Question: Question 6 . ( 6 marks ) Consider the following MDP: the set of states is S = { s 0 , s 1 ,

Question

6 . (6

marks

)

Consider the following MDP: the set of states is

S = {s_{0}, s_{1}, s_{2}, s_{3}}

and the set of actions available at each

state is

A = {l, r} .

Each episode of the MDP starts in

s_{1}

and terminates in

s_{0} .

You do not know the transition probabilities or the reward function of the MDP

,

so you are using Sarsa

to find the optimal policy.
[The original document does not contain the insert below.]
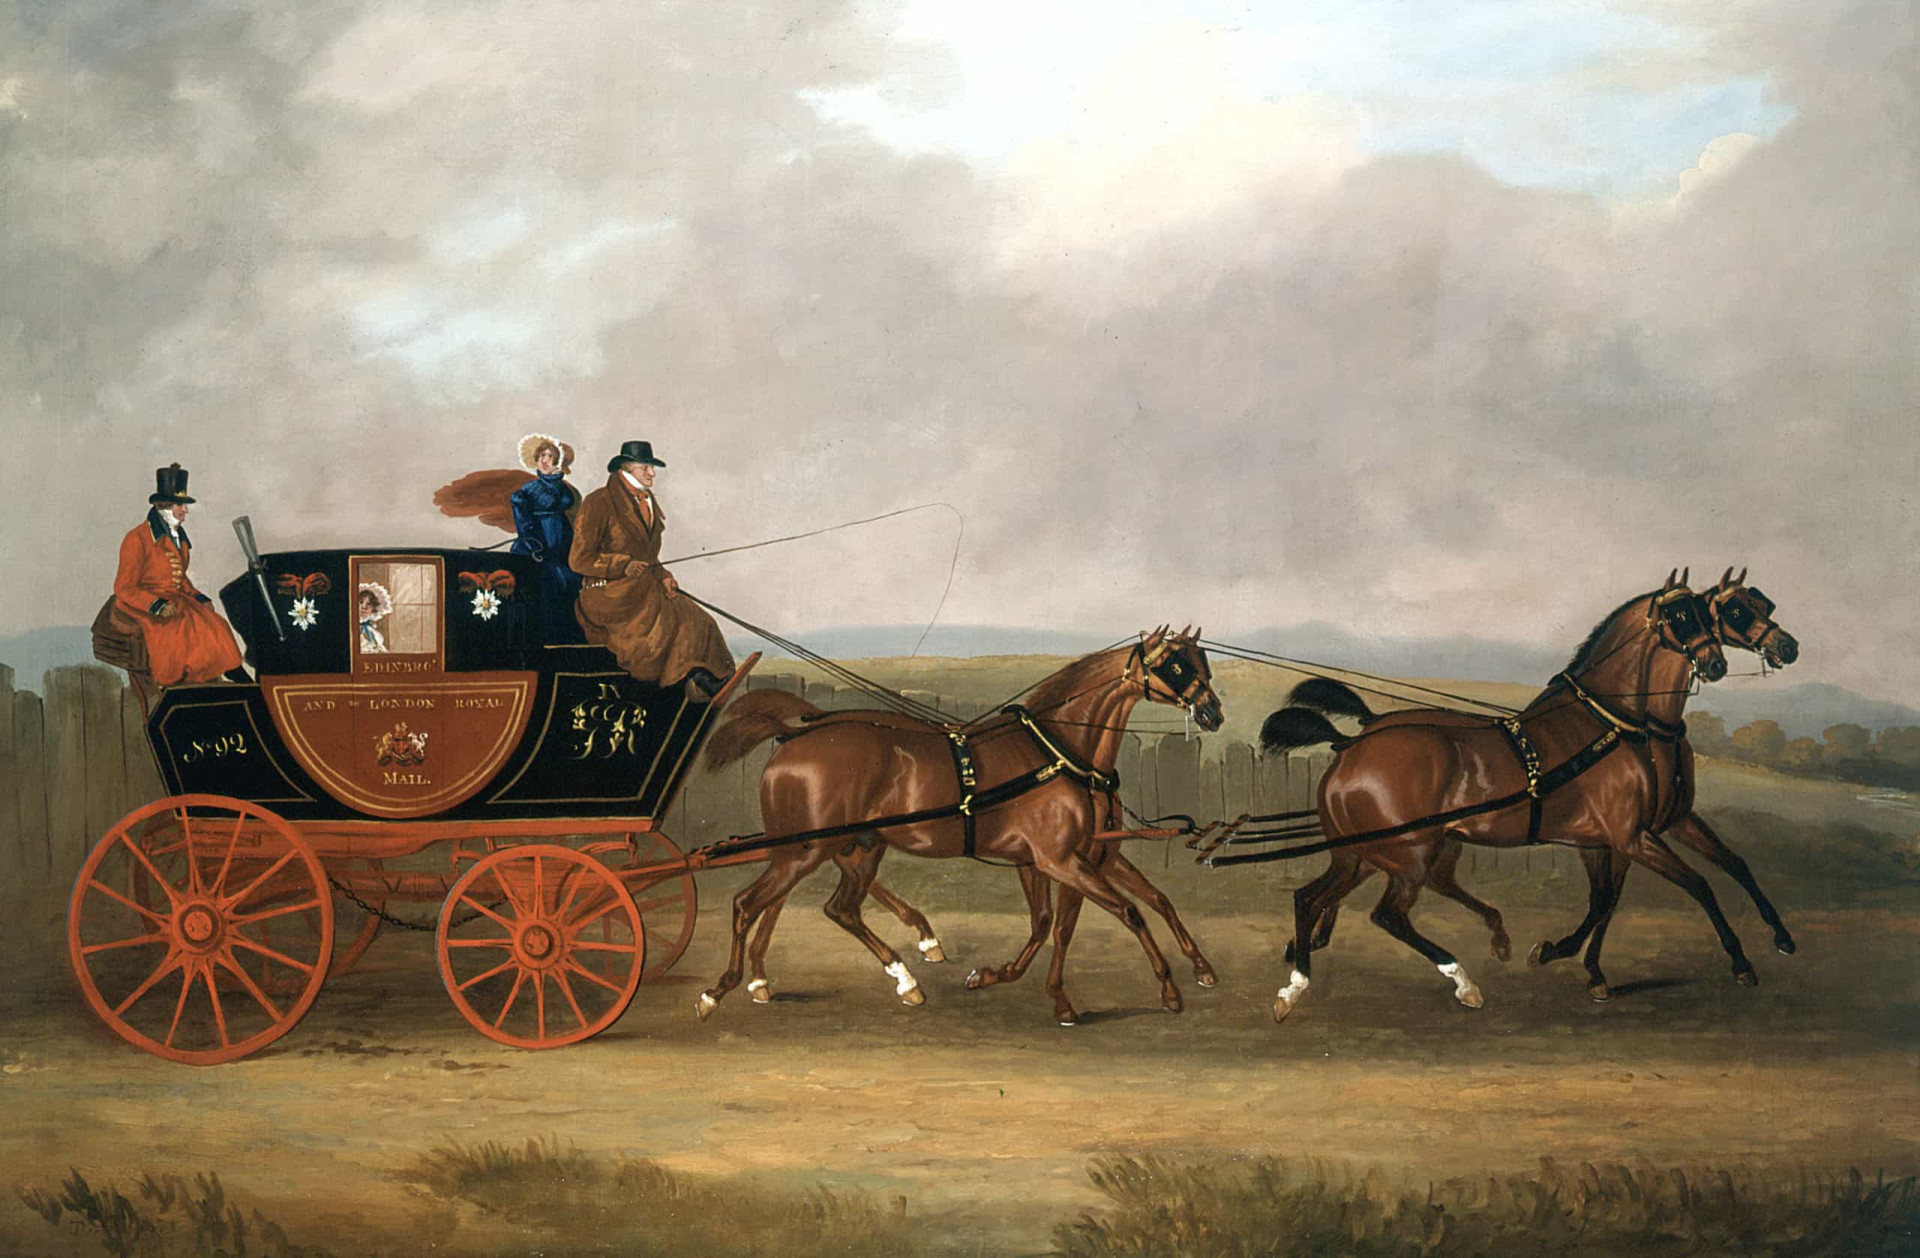 <p>The improvement in the road network in England in the mid-18th century led to the introduction of the mail coach in 1784, providing a combined passenger and mail delivery service. The first mail coach in Britain traveled from London to Edinburgh in about 1785, and to Glasgow in 1788.</p><p><a href="https://www.msn.com/en-us/community/channel/vid-7xx8mnucu55yw63we9va2gwr7uihbxwc68fxqp25x6tg4ftibpra?cvid=94631541bc0f4f89bfd59158d696ad7e">Follow us and access great exclusive content every day</a></p>

Suppose the current

Q -

values are:

Q (s_{0}, l) = 0, Q (s_{0}, r) = 0

Q (s_{1}, l) = 3.4, Q (s_{1}, r) = - 1.8

Q (s_{2}, l) = - 0.8, Q (s_{2}, r) = - 0.7

Q (s_{3}, l) = - 0.5, Q (s_{3}, r) = 7.5

Suppose the next episode is as follows:

s_{1}, l, - 1, s_{1}, r, - 1, s_{2}, l, - 1, s_{1}, l, 10, s_{0} .

(

) (4

marks

)

Do all the Sarsa updates to the

Q -

values that would result from this episode, using

= 0.25

and

= 0.9 .

Show your working.

(

) (1

mark

)

Based on the updated

Q -

values, give the final policy

determined by

Q,

.

.,

give

(s_{1}), (s_{2})

and

(s_{3}) .

Show your working.

(

) (1

mark

)

Give an

l o n -

greedy policy based on the

Q -

values obtained in

(

) .

Question 6.(6 marks) Consider the following MDP: the set of states

Step by Step Solution

There are 3 Steps involved in it

1 Expert Approved Answer

Step: 1 Unlock blur-text-image

Question Has Been Solved by an Expert!

Get step-by-step solutions from verified subject matter experts

Step: 2 Unlock

Step: 3 Unlock

Students Have Also Explored These Related Databases Questions!

Question 6 (11 marks) Consider the following material and independent situations noted during the audit engagement of Whampoa - Whippy Ltd for the year ended 30 June, 2020. (a) The draft Group...

ino Question 2: (5 Marks) Consider the following flowchart Start Set X=10 Set N=0 Set V=0 No Is V

Question 2: (5 Marks) Consider the following flowchart Start Set X=10 Set N=0 Set V-O No Is V

Question 6 (10 marks) Consider the following information: State of Economy Probability of State of Economy Rate of Return if State Occurs Stock C Stock A Stock B 0.27 Boom 0.10 0.35 0.45 0.10 Good...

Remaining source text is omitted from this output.